ASSIGNMENT: Everything from the line with "nasa black hole merger simulation" to the line with "Spannmålsskörden är nu" in the listing below, both lines included, needs to be copied exactly, apart from the pictures.

PROVIDED DATA:
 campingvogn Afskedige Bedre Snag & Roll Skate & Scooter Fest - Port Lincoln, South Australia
==
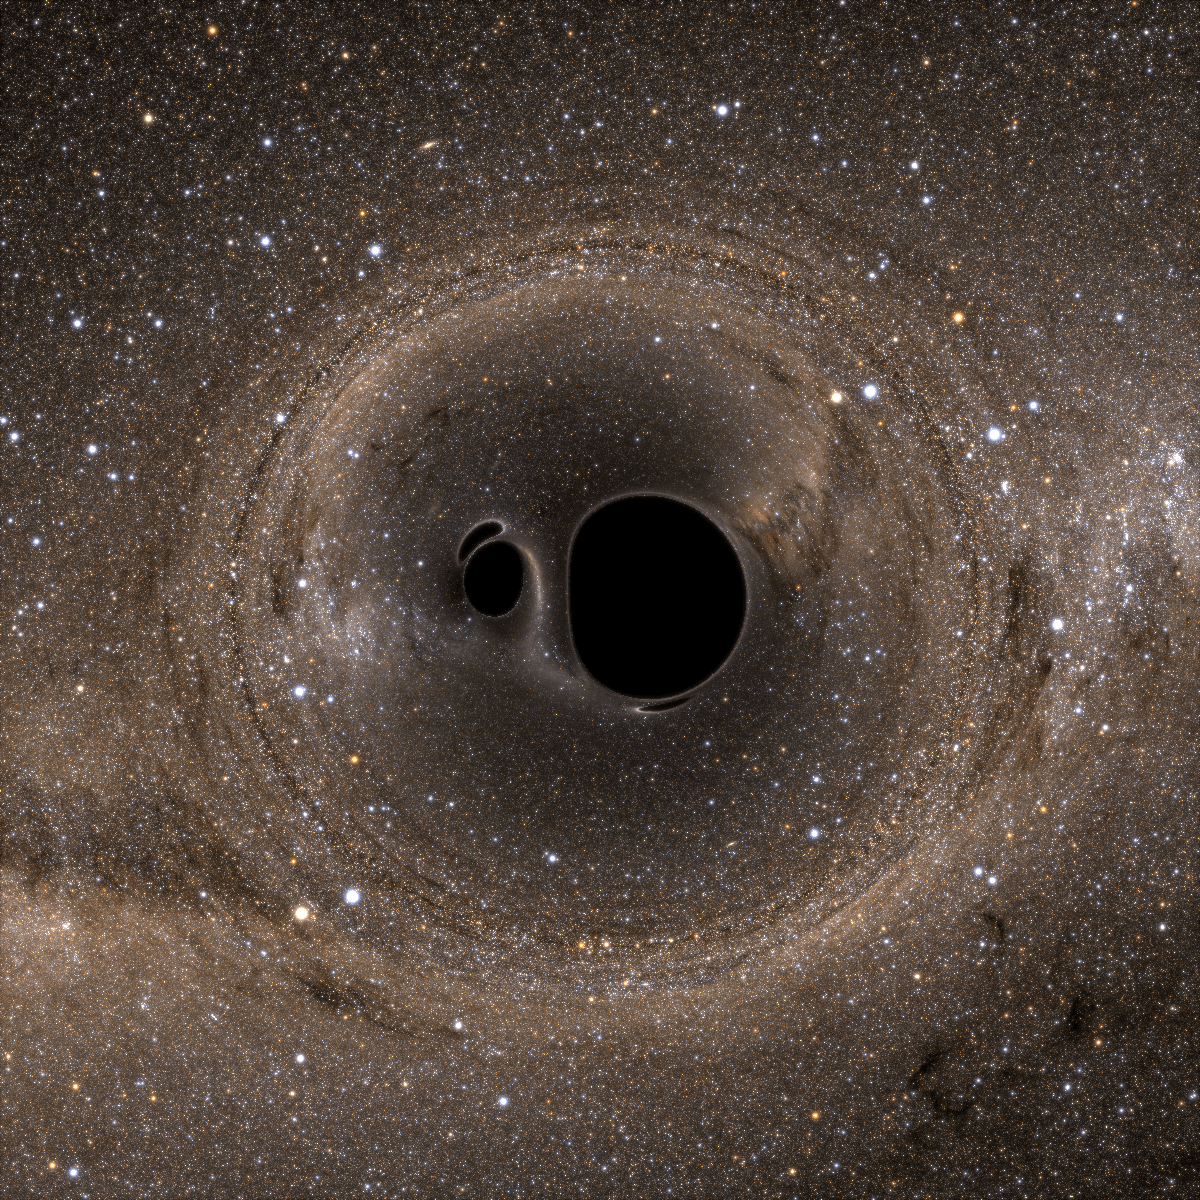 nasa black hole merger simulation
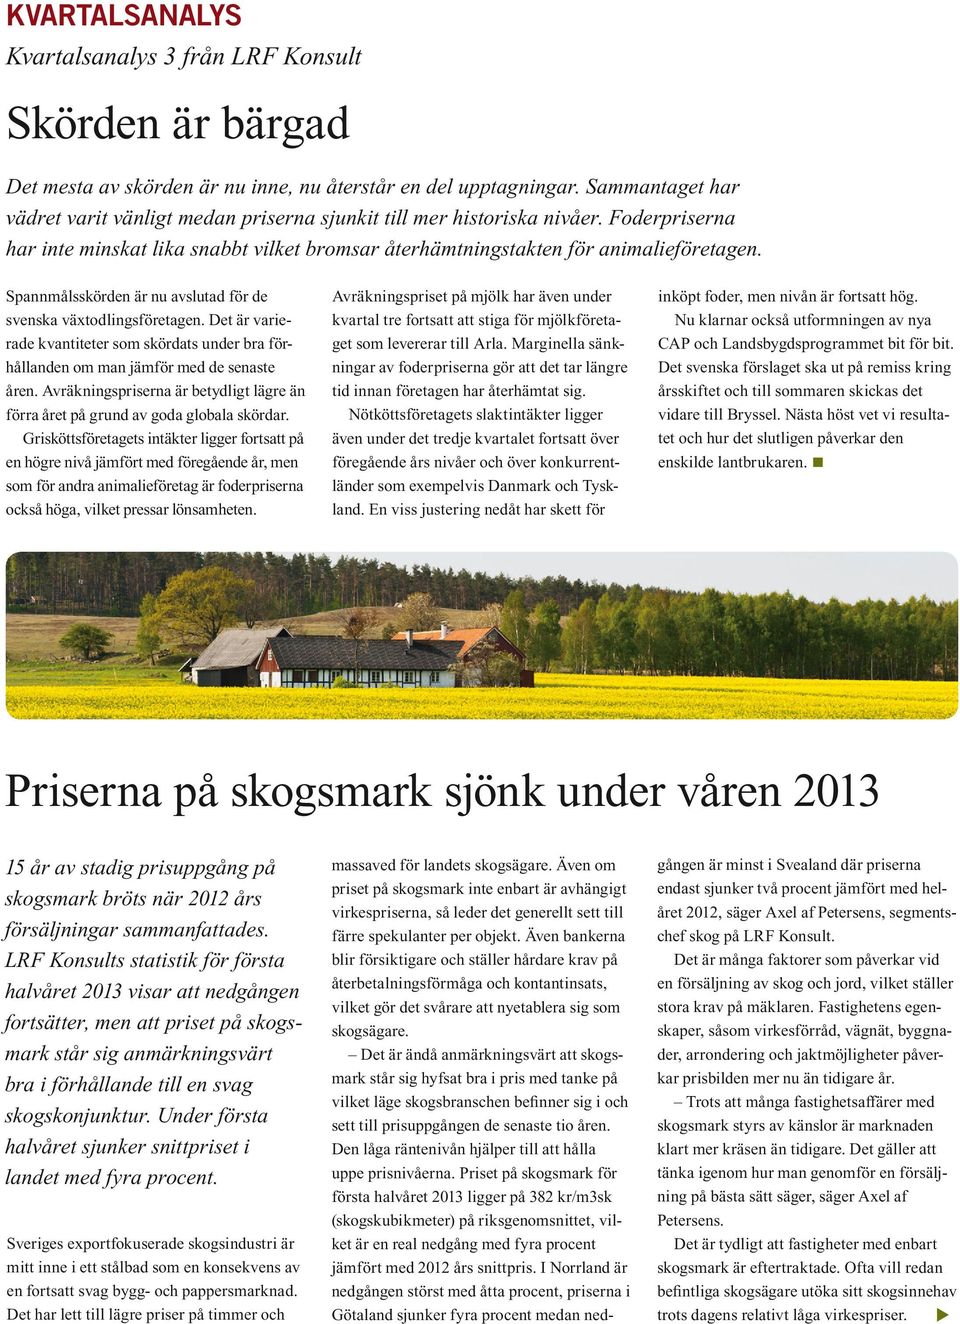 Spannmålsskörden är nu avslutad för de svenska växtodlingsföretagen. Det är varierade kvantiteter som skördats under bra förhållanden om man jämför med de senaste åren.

OUTPUT FOR THIS TASK:
 nasa black hole merger simulation
 Spannmålsskörden är nu avslutad för de svenska växtodlingsföretagen. Det är varierade kvantiteter som skördats under bra förhållanden om man jämför med de senaste åren.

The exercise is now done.